Like other residents of Klyuky, Shcherban complains about the lack of buses to nearby Denykhivka or Tetiiv, where you can get medical help.
Viktoriya Klymenko, deputy director of the Klyukiv educational association, also emphasizes that it is better to come for an examination to prevent the disease than to neglect yourself and receive treatment too late.
"We live in a village far from the district center, so we are very grateful that there is such a program for providing medical services to women," says Klymenko.
In this regard, the obstetrician-gynecologist of the mobile brigade cites the example of a resident of one of the villages of the Kyiv region who did not consult a gynecologist for 30 years and finally came to the brigade for an appointment with a big problem.
"This problem required surgical intervention twenty years ago," explains Svyatnenko. "She waited, and it resulted in a rather complicated situation. We sent her for operative treatment. This woman is currently being examined and should soon come for surgery."
"In general, women are healthy in Klyuky"
"In general, the women in this settlement are healthy," summarizes the reception day in Klyuky, doctor Svyatnenko. "However, some women had pathological conditions and were advised surgical treatment, a few — for further examination at our clinic, a few — to a family doctor. We worked very actively and well."
The doctor thanks UNFPA for the provided equipment, in particular, an ultrasound machine, a chair, a colposcope, and rapid tests, because all this improves the quality of the work of doctors.
"What we see with our hands during the examination may not be enough. Many pathologies are detected with the help of an ultrasound diagnostic device." The obstetrician-gynecologist says these are fibroids, changes in the endometrium, cysts, changes in the ovaries, and inflammatory processes. "This ultrasound device with a vaginal sensor helps a lot." The doctor adds that working in a mobile gynecological team is an excellent experience from a professional point of view.
Does it really work?
"People will be grateful if this practice continues"
"After a discussion with the residents of my district, I realized that this service is essential for people," says Lyudmyla Slipenchuk, head of the Denykhiv district, which includes the Klyuky village.
Slipenchuk explains that since the villagers are preoccupied with their household chores, they, unfortunately, spend very little time on themselves and taking care of their health.
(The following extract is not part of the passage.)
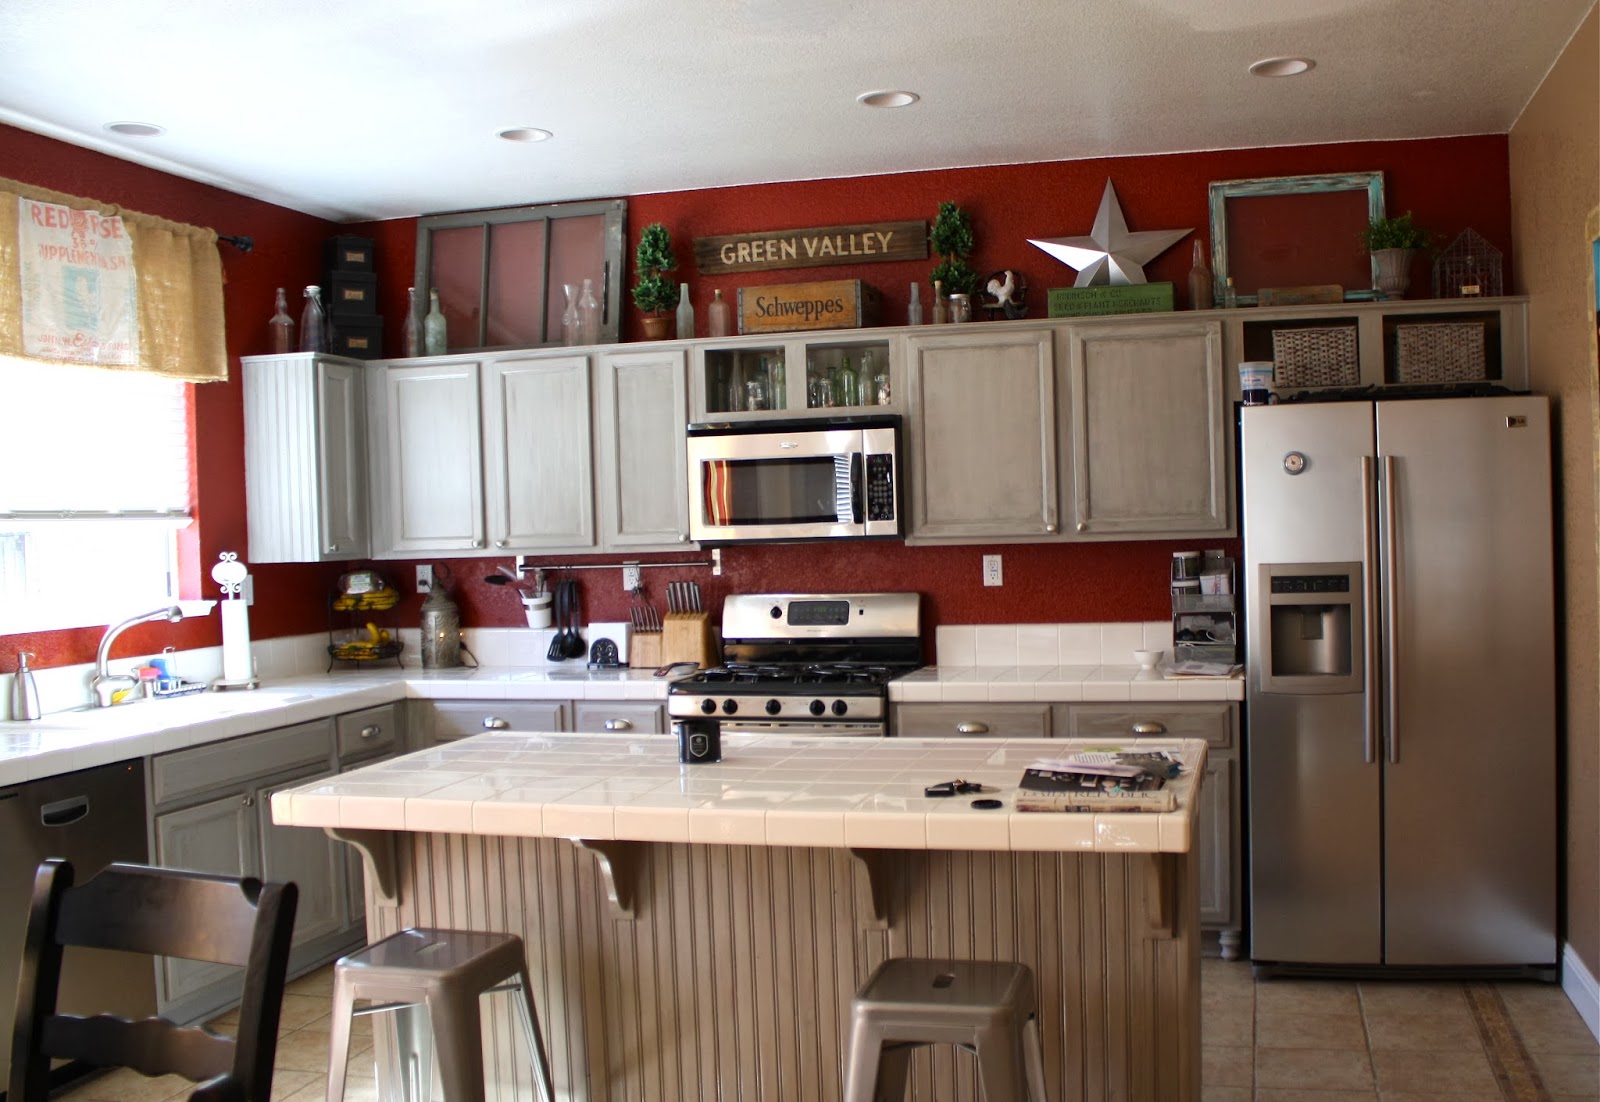 Dwelling By Design DIY Kitchen Cabinet Remodel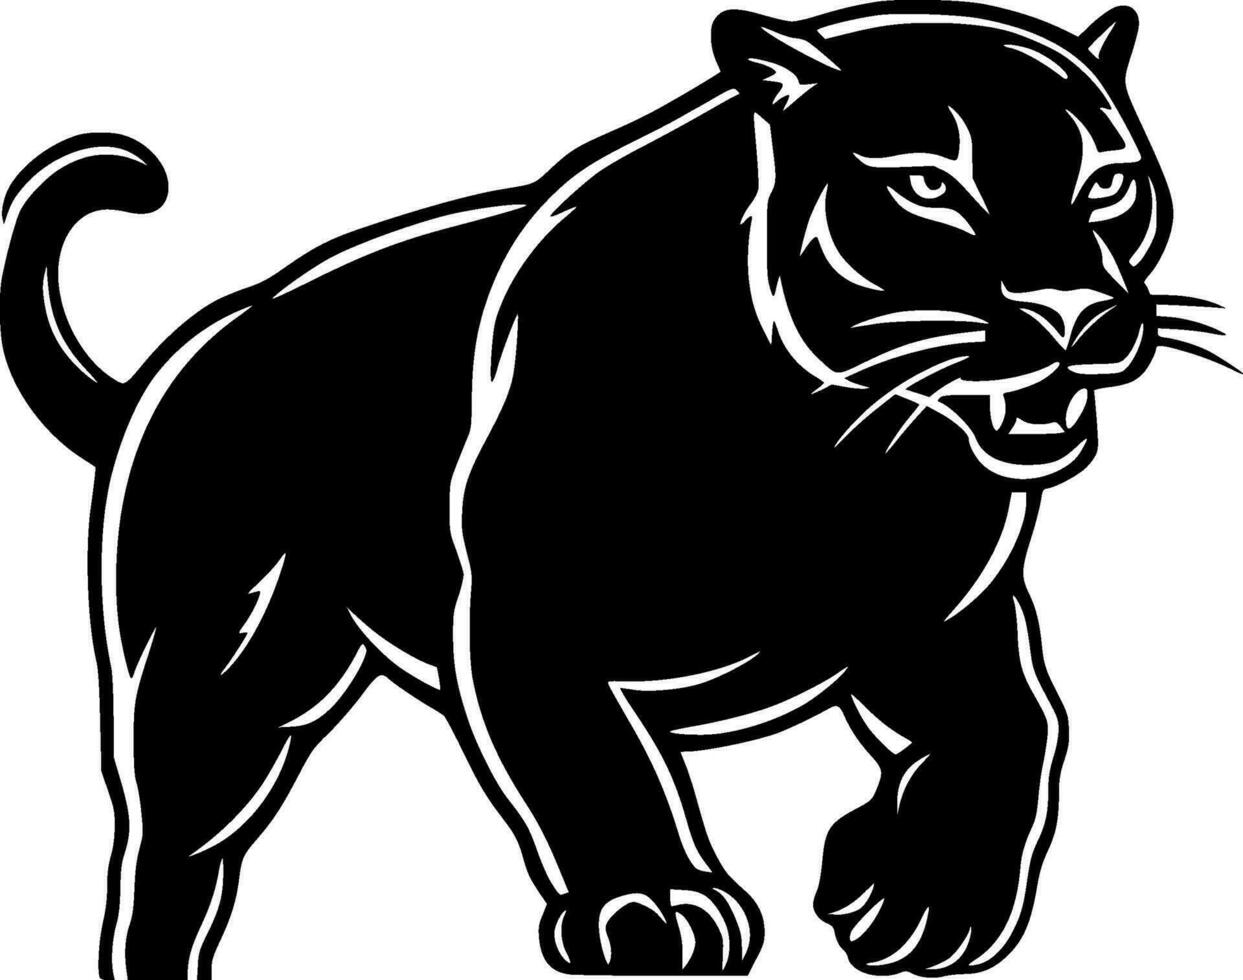 Panther - Minimalist and Flat Logo - Vector illustration

"Such visits to gynecologists are essential for women because now few men are in the village, and many are drafted into the Armed Forces of Ukraine. All the work is on the woman's shoulders, and she sometimes performs too much work and devotes even less time to her health," says Slipenchuk. "The team came for the second day in a row, and the female visitors are delighted that there is a professional gynecologist, an ultrasound examination, and glucose analysis."
There are 12 villages in Slipenchuk's district, and each is eagerly waiting for this visiting brigade, says the head: "It's good that there is an employee at the Klyuky paramedic station who called everyone and told them about this mobile team. I will also tell the assistants to advertise and get as many people as possible. It really is an effective and vital service for our women. People are grateful. If this practice continued, the communities of all villages would be even more grateful."
Mobile gynecological teams and gynecological offices with barrier-free access work within the framework of humanitarian response measures of UNFPA, the United Nations Population Fund, with the financial support of the European Union (EU), the Ministries of Foreign Affairs of Denmark, France, and the Republic of Korea.